High-density optoelectronic interconnect using micromachined spring arrays

We report on a novel flip-chip packaging technology capable of interconnecting devices packed at very high density. The process utilizes micro-machined cantilevers for establishing electrical contact, where package assembly is performed at room temperature without solder. The cantilevers, called micro-springs, are fabricated by sputtering, masking, and releasing a stress-engineered conductive thin film on a quartz substrate. The film is patterned into electrical routing wires whose ends are released from the substrate. Upon release, the film stress forces the ends to curl up into compliant springs. Packages are formed by pressing the micro-springs against a set of device contact pads, much like probing pads using tungsten needle probes. The connections between springs and contact pads are anchored by an encapsulating acrylic adhesive. We utilize this packaging technology to interconnect 200-element arrays of independently addressable VCSELs with 4 micrometer-wide pads on 6 micrometer pitch to silicon CMOS driver chips with equally dense output lines. Tests show the technology produces good contacts with excellent robustness.

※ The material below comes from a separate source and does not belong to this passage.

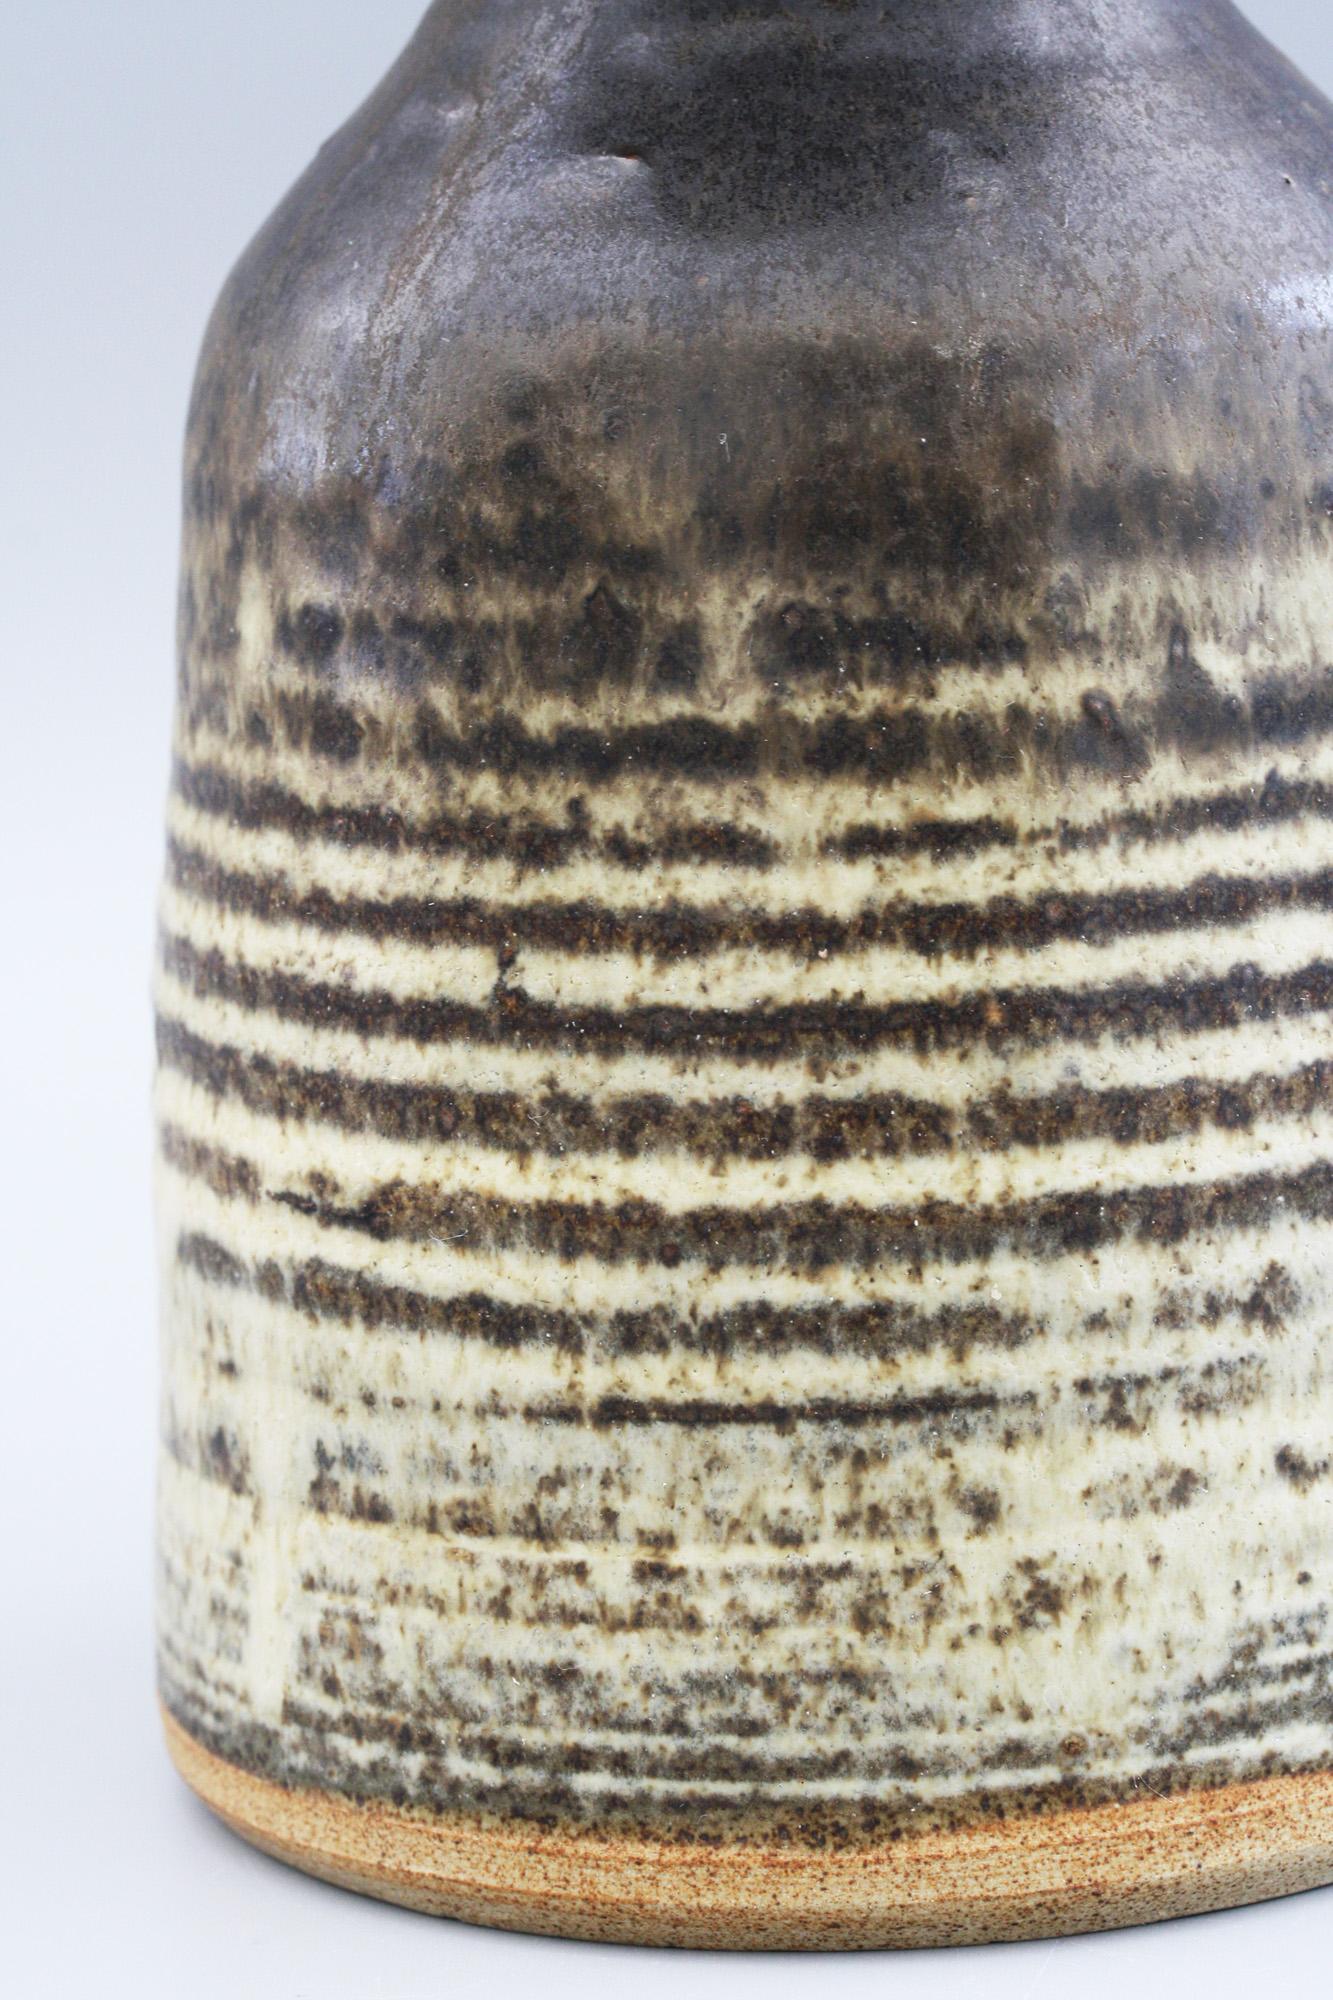 Eine stilvoll gedrehte und glasierte Vase aus Steingut mit geripptem Korpus, die Susan Bennett (geb. 1954) zugeschrieben und auf 1977 datiert wird. Die Vase hat einen glockenförmigen Körper mit einem breiten, flachen, abgerundeten und unglasierten
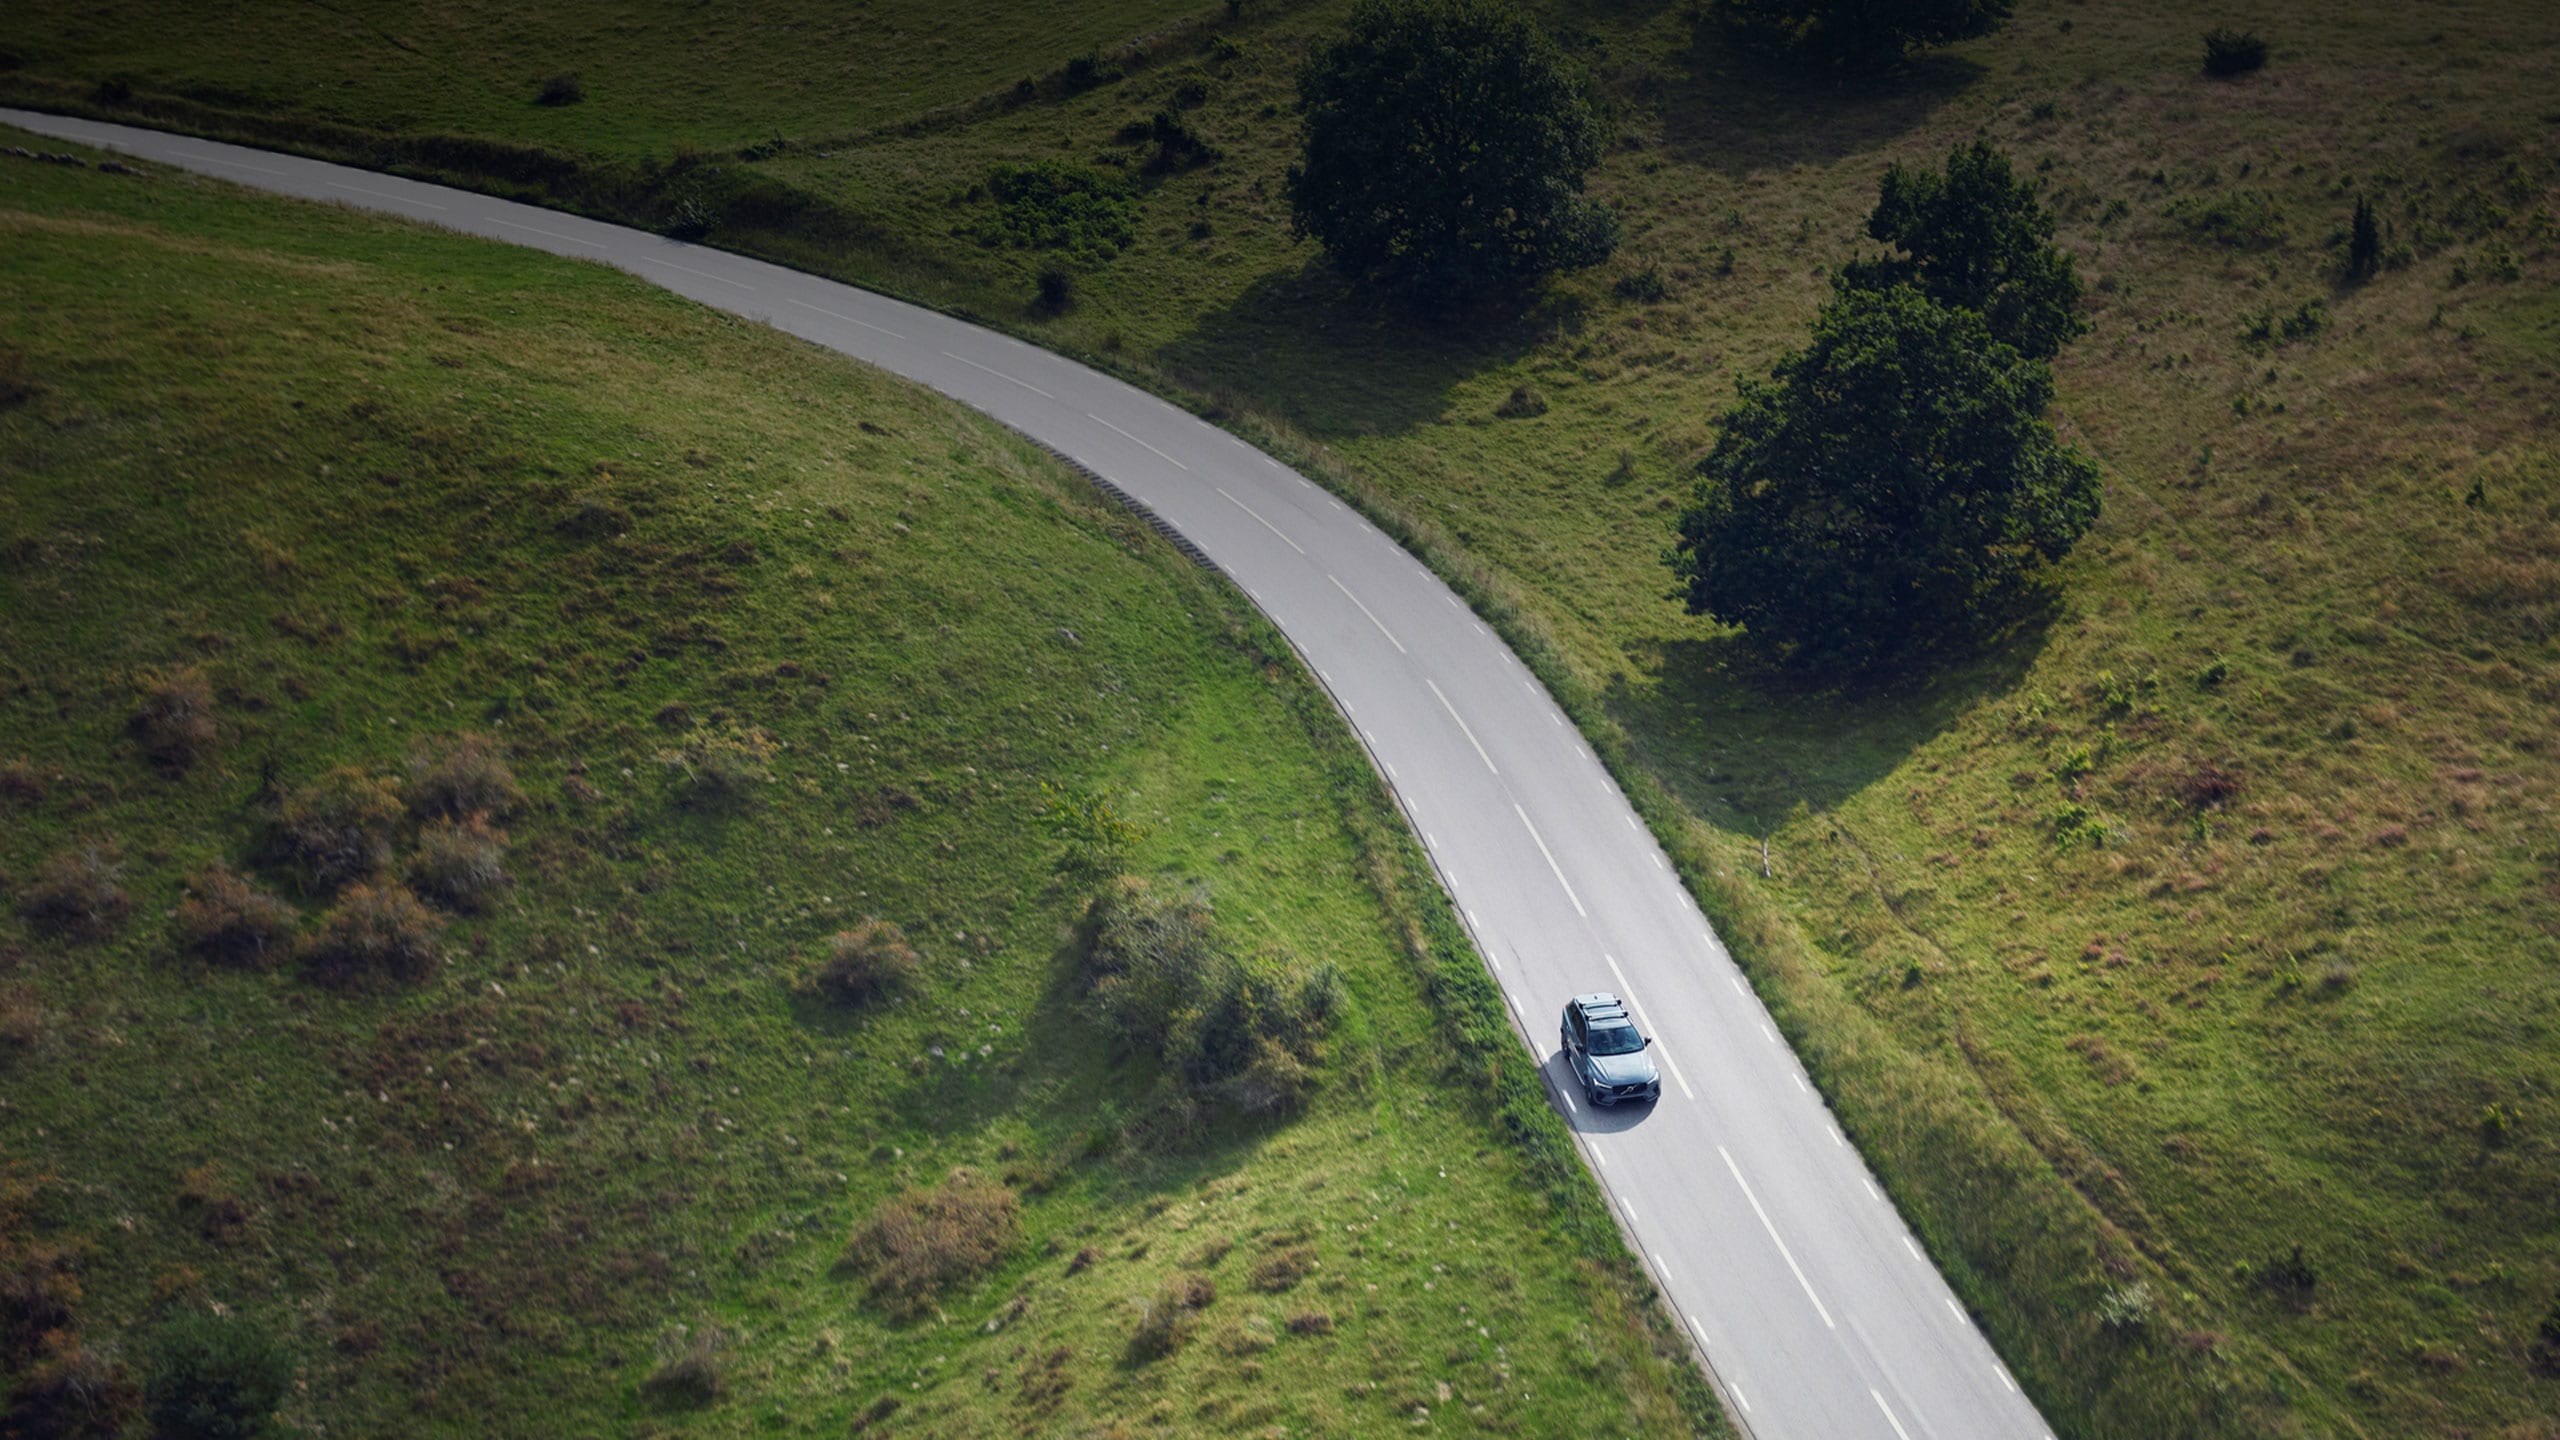 Vehículo Volvo a través de una carretera recorriendo una montaña.

Densely packed surface-emitting laser arrays for printing applications

We report on our efforts to develop a laser printbar consisting of a very dense array of independently addressable laterally-oxidized top-emitting VCSELs. In order to maintain wafer planarity for easy electrical routing, the buried oxidation layer in our structure is accessed through small via holes instead of a more typical mesa etch. Unlike most VCSELs, our devices utilize transparent indium-tin- oxide top contacts that allow for a more compact device design. The 200-element array we fabricated has a linear density of one device every 3 micrometers .

Laterally oxidized vertical-cavity lasers with stable polarization

We disclose a method of eliminating the polarization instability in laterally-oxidized vertical-cavity surface- emitting lasers. By employing an appropriately-shaped device aperture, we are able to make the lasers operate in a single polarization direction through their entire L-I curve.